薛子游假笑道:“三殿下, 這么愜意的日子, 就不要提那些事了。”
轉眼, 見沈元夕一臉擔憂, 薛子游忙道:“姐姐不用為我操心。我想好了, 等過了年我就到崇州去。”
“去崇州做什么?”
“燕帆的兄長是崇州書院賀長蘭賀大家的同窗, 崇州開設女學,我與燕帆商量好了,過完年就跟她一起游歷聽學去。”
“他們收學生嗎?你……要不讓父親托人幫你寫封信。”
“不用,我是正經的官學子,有先生引薦,崇州書院不會不收。”
“子游,別怕麻煩我們……”
“沒有的事。”薛子游收起了笑,聲音和緩了許多,說道,“我知道義父想要我來襲爵,我雖是義父養大,算沈家的孩子,可我并不想跟京城的那些少爺們一樣,大丈夫有本事自己拼自己掙,義父沒有虧過我什么,我又怎能靠著義父的軍功做不思進取的公子哥呢。”
他這是將話講明白了,沈元夕也不再多言。
年關前,皇帝暗中探聽消息,又在年底立了新后。
劉妃也因再次有孕,得了個封號。
大典過后,宮中才派人來三王府問候。
三殿下并未開門,云星站在石獅子旁,指了指獅子腳,要宮人們把拜帖放到該放的位置,至于見還是不見,要三殿下定奪。
“我們是奉陛下口諭來的。”
云星:“三王府有三王府的規矩,若是忘了祖訓,就請皇帝自己背熟了再來。”
當然,沈元夕十九生辰那天,皇帝還是知道了三王妃有孕是個徹頭徹尾的烏龍。
皇帝松了口氣,再看新后,覺得有些倉促。
心底會有小小的埋怨,猜想三殿下是不是故意傳出的這個“烏龍”戲耍他。
他聽到三王妃疑似有孕的消息后,就做了噩夢,夢見長得跟三殿下似的一白毛妖精坐在龍椅上,而他跟他的孩子們為這個“小祖宗”洗腳服侍。
這才是他慌張立后,火急火燎宣布后宮添喜的理由。
三殿下,成了他一生的陰影。
雖面上不顯,但他心底知道,他堂堂九五之尊,被三殿下嚇出了心病。
沈元夕雙十這年,崇州兵亂,沈豐年奉命又去了崇州平亂。
春末,接到父親平安信的同時,也收到了薛子游報喜的書信。
因崇州起亂,他與燕帆帶著賀先生輾轉到崖州去了,路上經歷了幾次生死考驗,在賀先生的見證下,與燕帆締結了婚盟,特此書信告知長姐,等崖州的汛期過去,就會啟程返京。

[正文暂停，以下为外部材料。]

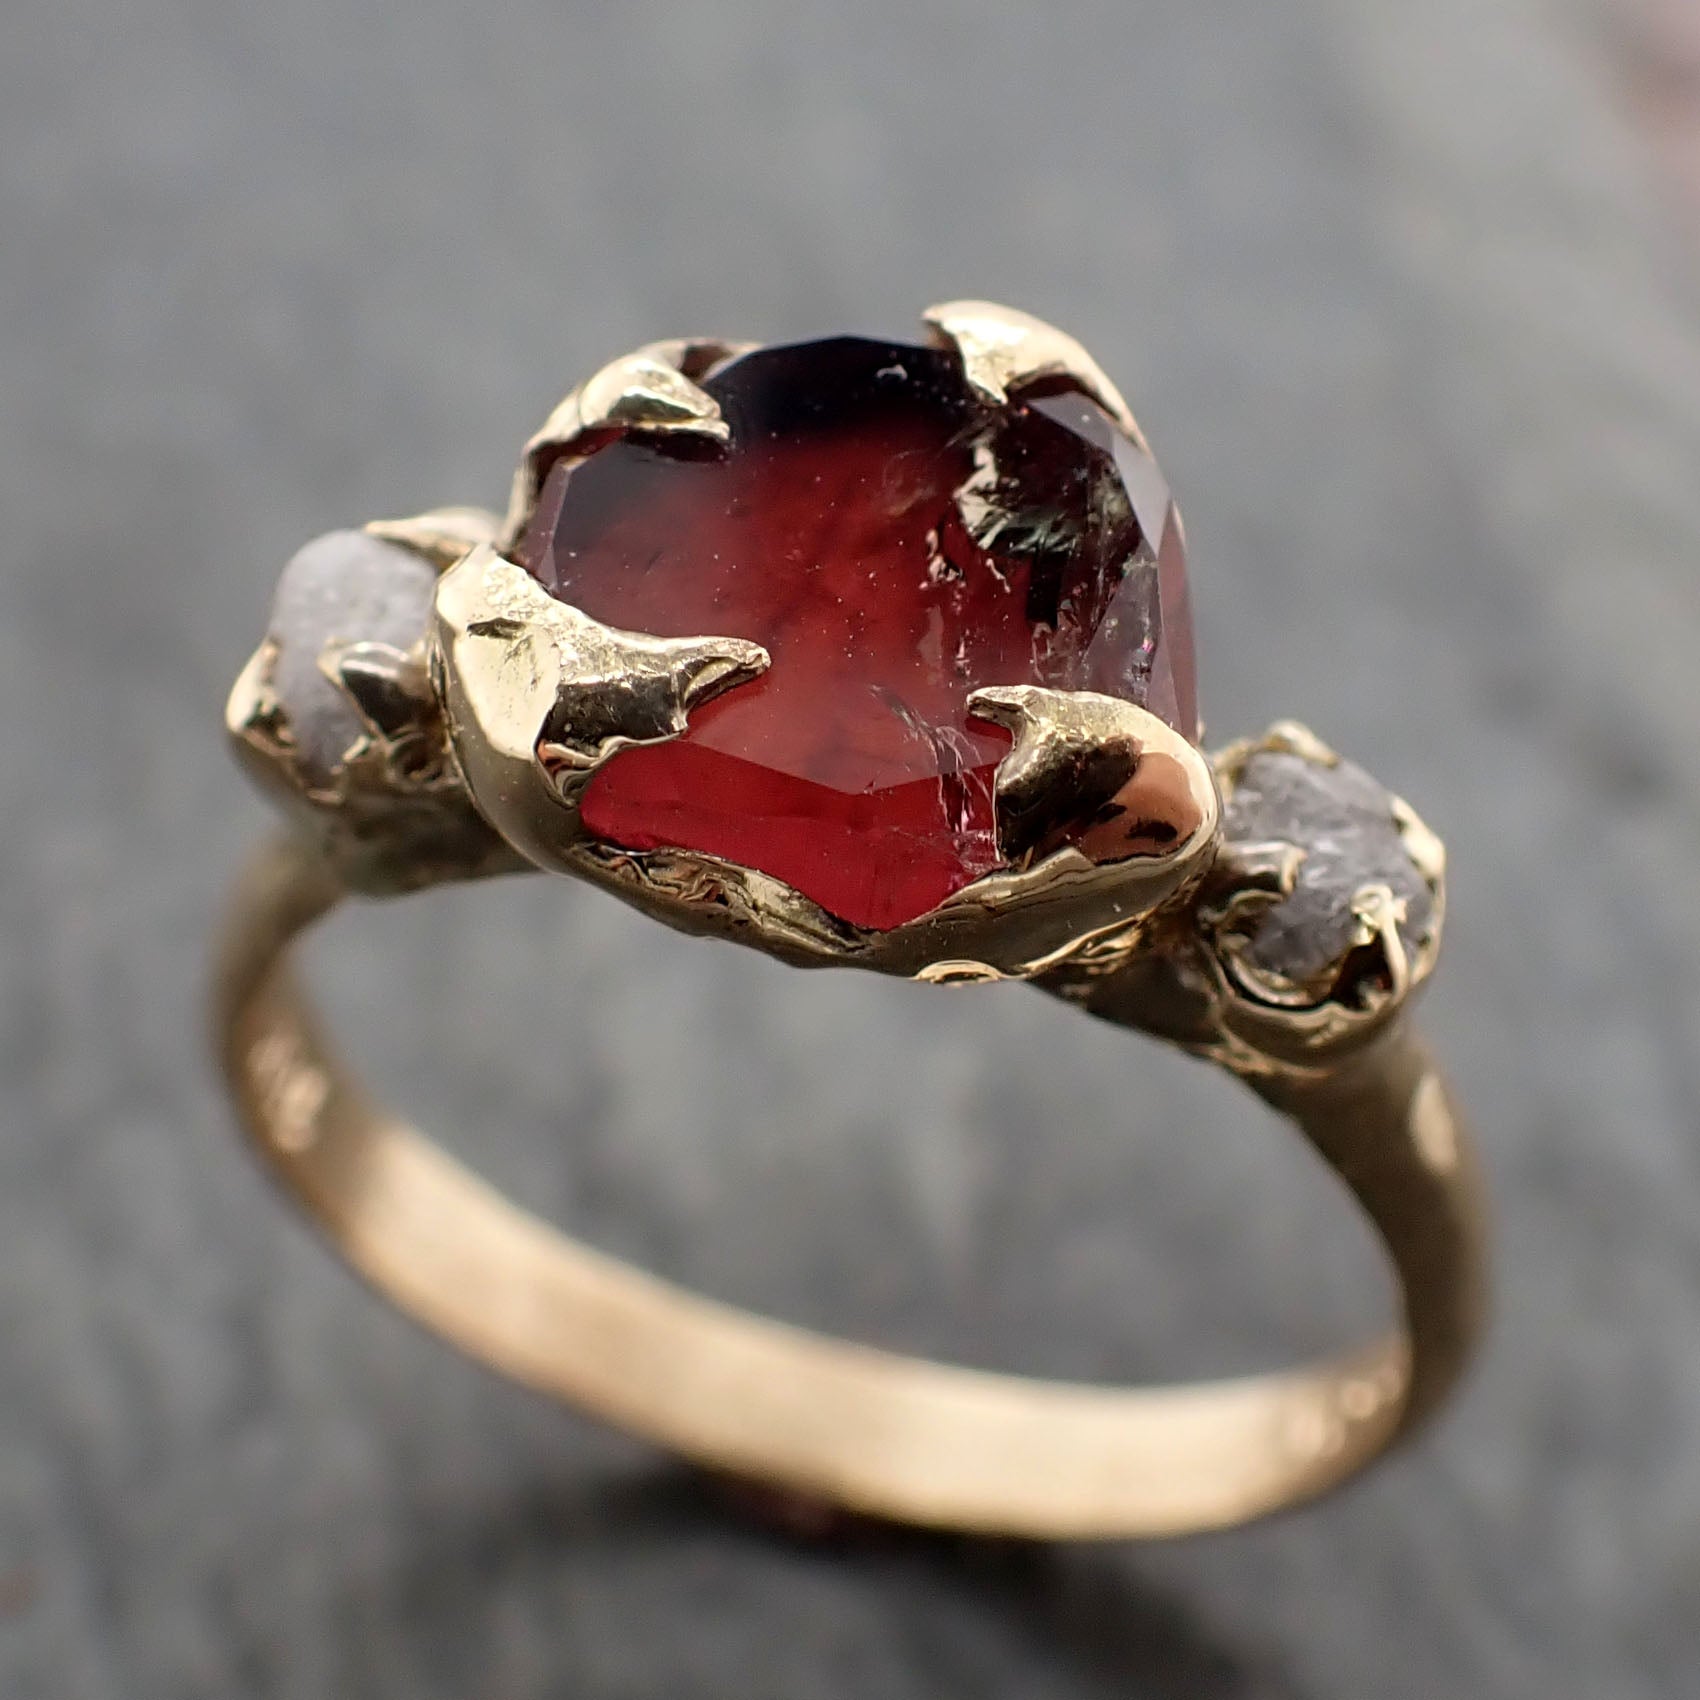 Partially faceted Hot Pink Tourmaline 18k Yellow Gold Engagement Ring One Of a Kind multi stone Gemstone Ring byAngeline 2358

沈元夕抱著信又笑又哭,三殿下跟只貓似的,托著下巴坐在她對面,好奇又興奮地看著她笑著掉眼淚。
“不舍得?”三殿下問。
“不是不舍。”沈元夕道,“是……很奇怪的一種悵然,雖知是喜事,心下卻很是悵然。”
云星又來講他想起的執晴往事。
沈元夕擦了淚花,拿出一沓書紙,點頭示意她做好了準備,提筆將云星所述,一字不差寫下來,等云星離開后,再慢慢潤色成文,吹干筆墨,一頁頁掛起。
這種事,她已做了兩年,但云星的故事,才講到執晴第一次飲他的血。
后面,還長著呢。
有時,沈元夕會挑揀出幾個片段,念給小福嫂聽,這也是云星默許的。
聽久了,小福嫂也就明白了。
云星這個人,已經不會再有情愛了。
凡人拿出一輩子,也才短短數十年,又怎能覆蓋他與之前千年如山似的感情。
沈元夕也是在重復的講述中,觸碰到了時間的浩瀚。
沈元夕二十三歲那年春,薛子游與燕帆,有了個女兒,取名崇。
冬末回京,已會認人了,沈元夕抱在懷里,望著她紅撲撲的圓臉,喜極而泣。
把孩子還回去時,無意間瞥到了三殿下的眼神。
他只是看著沈元夕,平靜的注視下,藏著她看不明白的悲傷。
沈元夕忐忑不安,夜深人靜時,問三殿下:“是崇兒……身子骨,不太好嗎?”
她怕三殿下占出個什么多病多災的八字命格。
三殿下道:“她很健康,長壽,還和你投緣。”
“那你……今天那個眼神……”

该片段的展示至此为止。